Для людей и изданий, критиковавших Путина, дело нередко заканчивалось трагически — как с уходом руководителей РБК и убийством Бориса Немцова. Мы не хотим рисковать своей безопасностью, а также безопасностью наших коллег и близких.

— А в чем отличие вашего проекта от того, что делает ФБК?

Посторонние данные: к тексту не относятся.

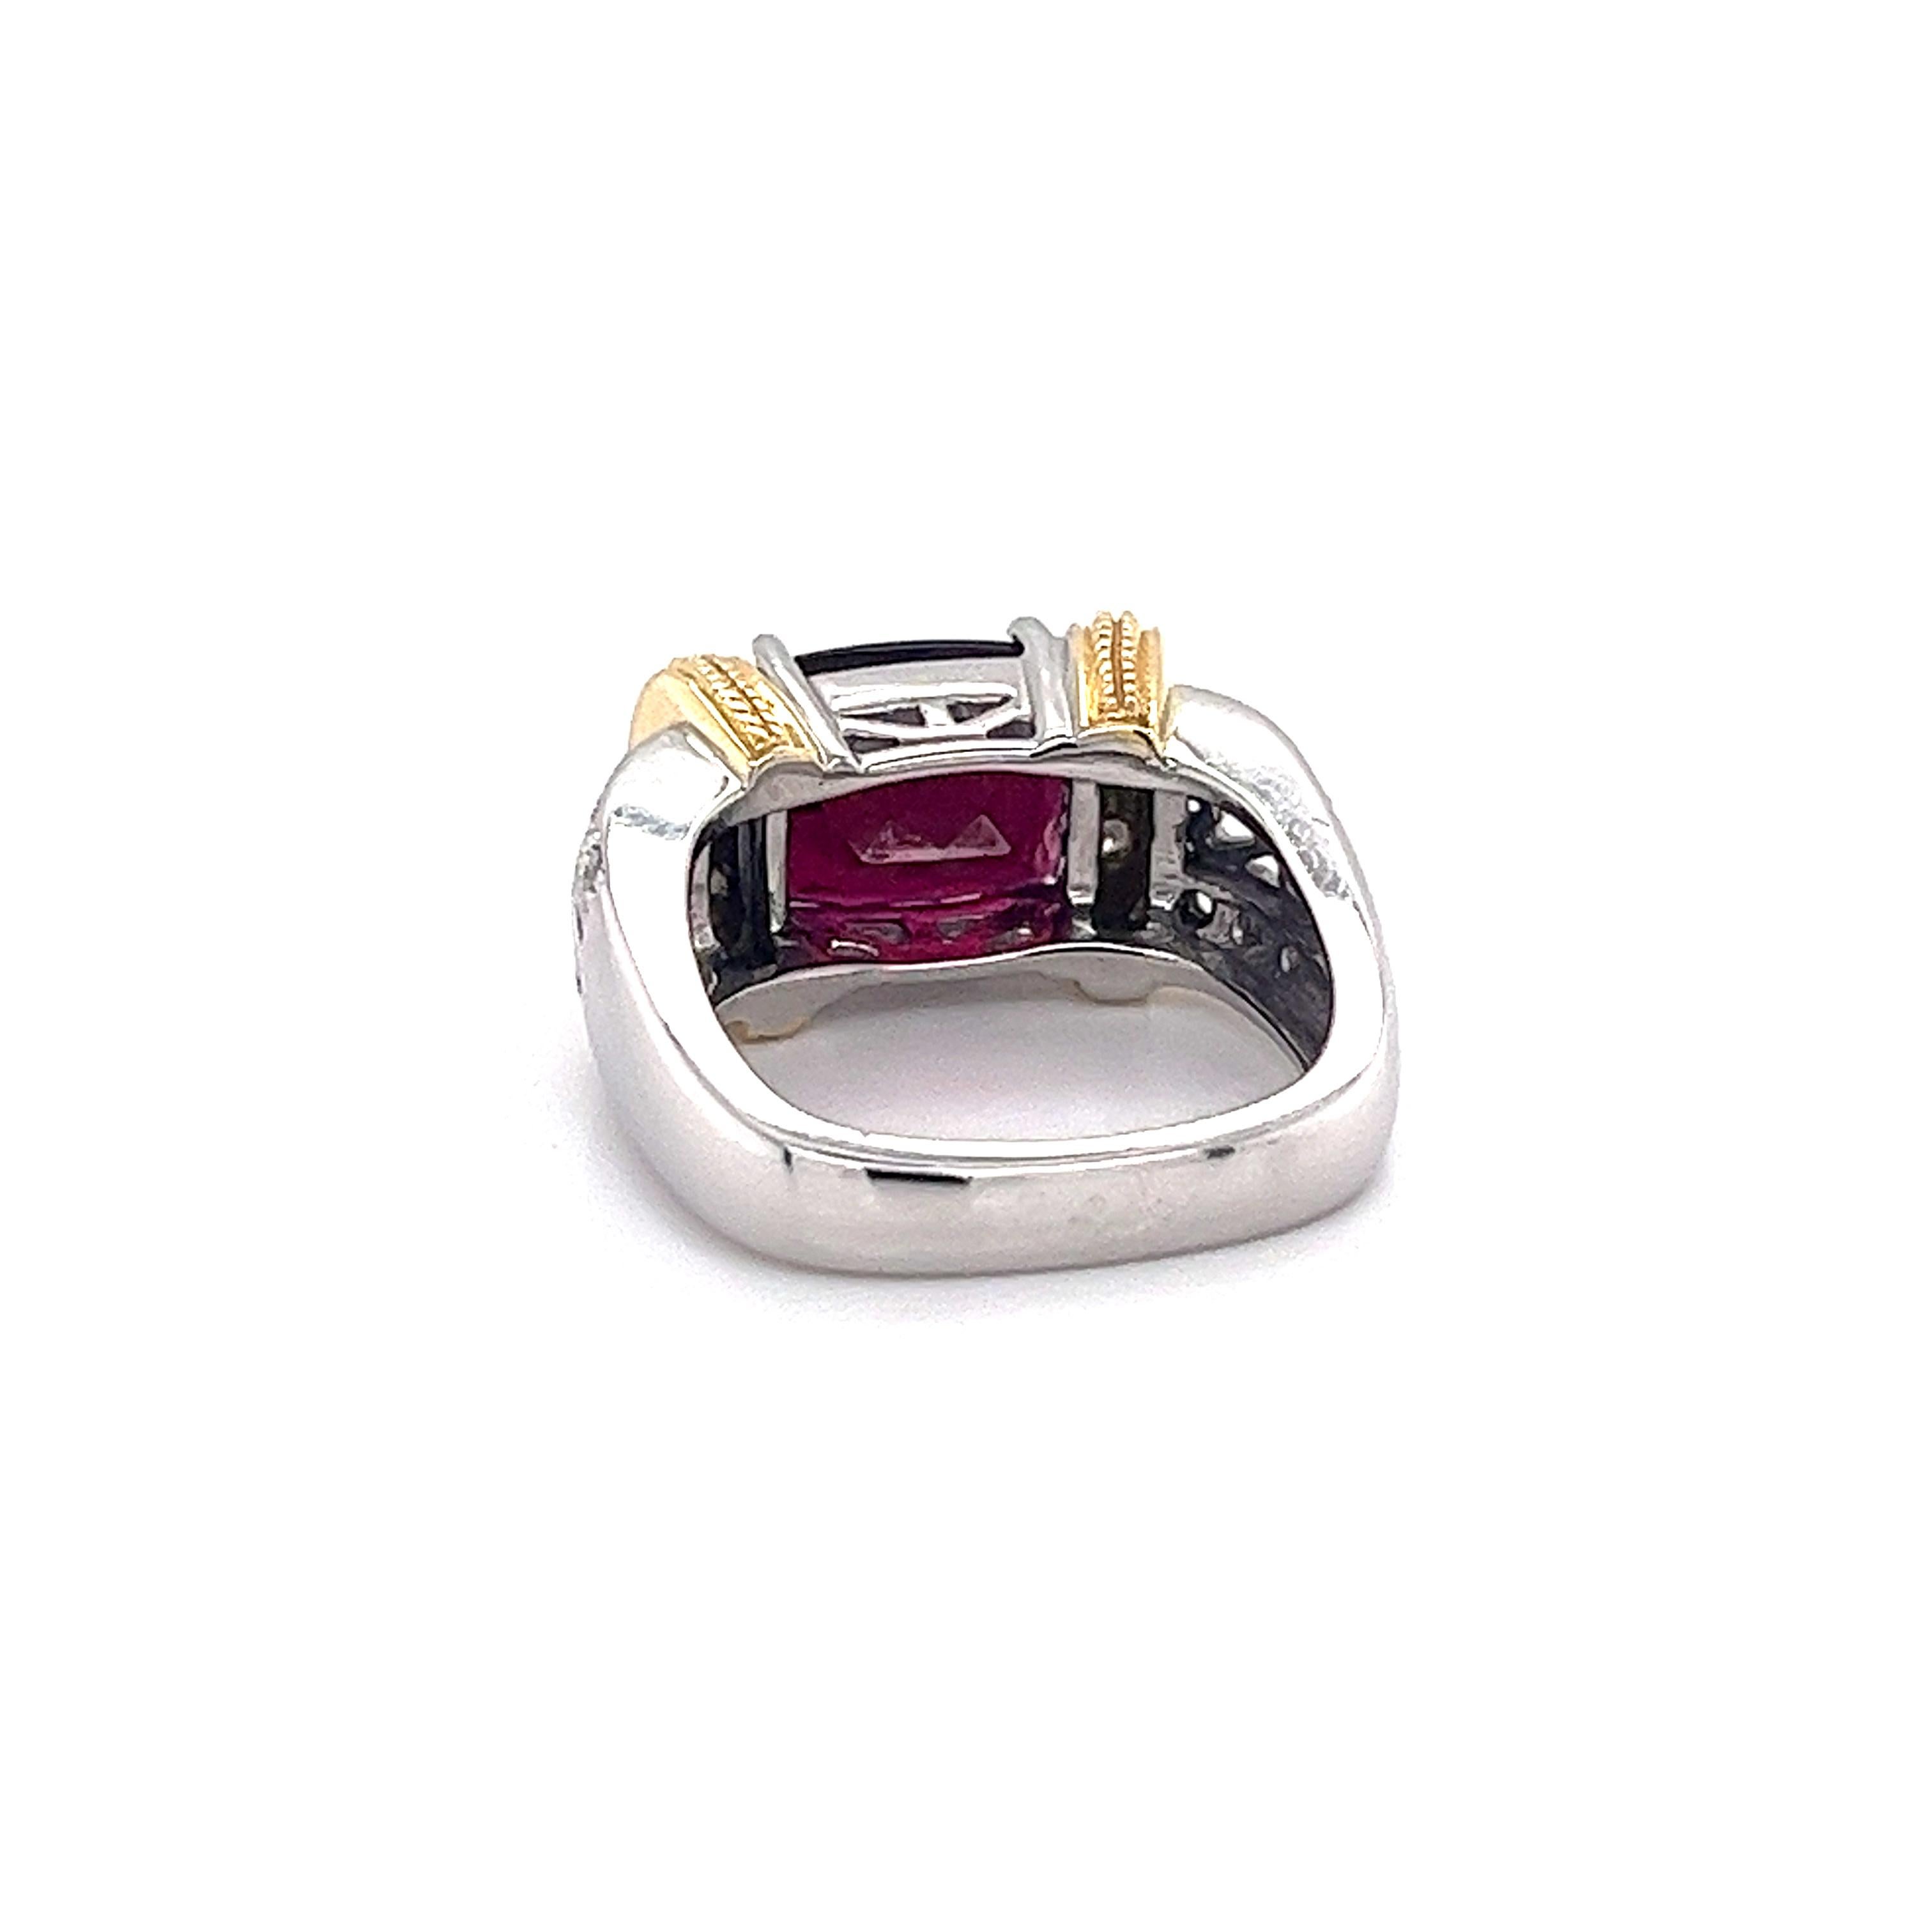 Radiant Cut 5.5 Carat Rubellite Tourmaline with Heart Motif Filigree Set Ring For Sale

— Мы стараемся писать не только о коррупции, хотя эта тема — наш приоритет, но и о другом — от анализа нового состава Думы до чеченского беспредела. И стараемся избегать эмоций и давления на читателя в текстах. Хочешь убедить кого-то в коррумпированности чиновника — приведи доказательства и дай читателю самому решить, чью сторону он примет. Кстати, недавно мы уличили Навального в неточности. Он заявил, что дача некоего генерала Козика построена на российско-финской границе в зоне инженерно-технических сооружений, где жилое строительство вообще запрещено. Мы выяснили, что строить там как раз можно, но обнаружили много другой интересной информации, с которой можно ознакомиться в нашей статье «Лесная Лубянка. Кто живет в тайном поселке элитных особняков?».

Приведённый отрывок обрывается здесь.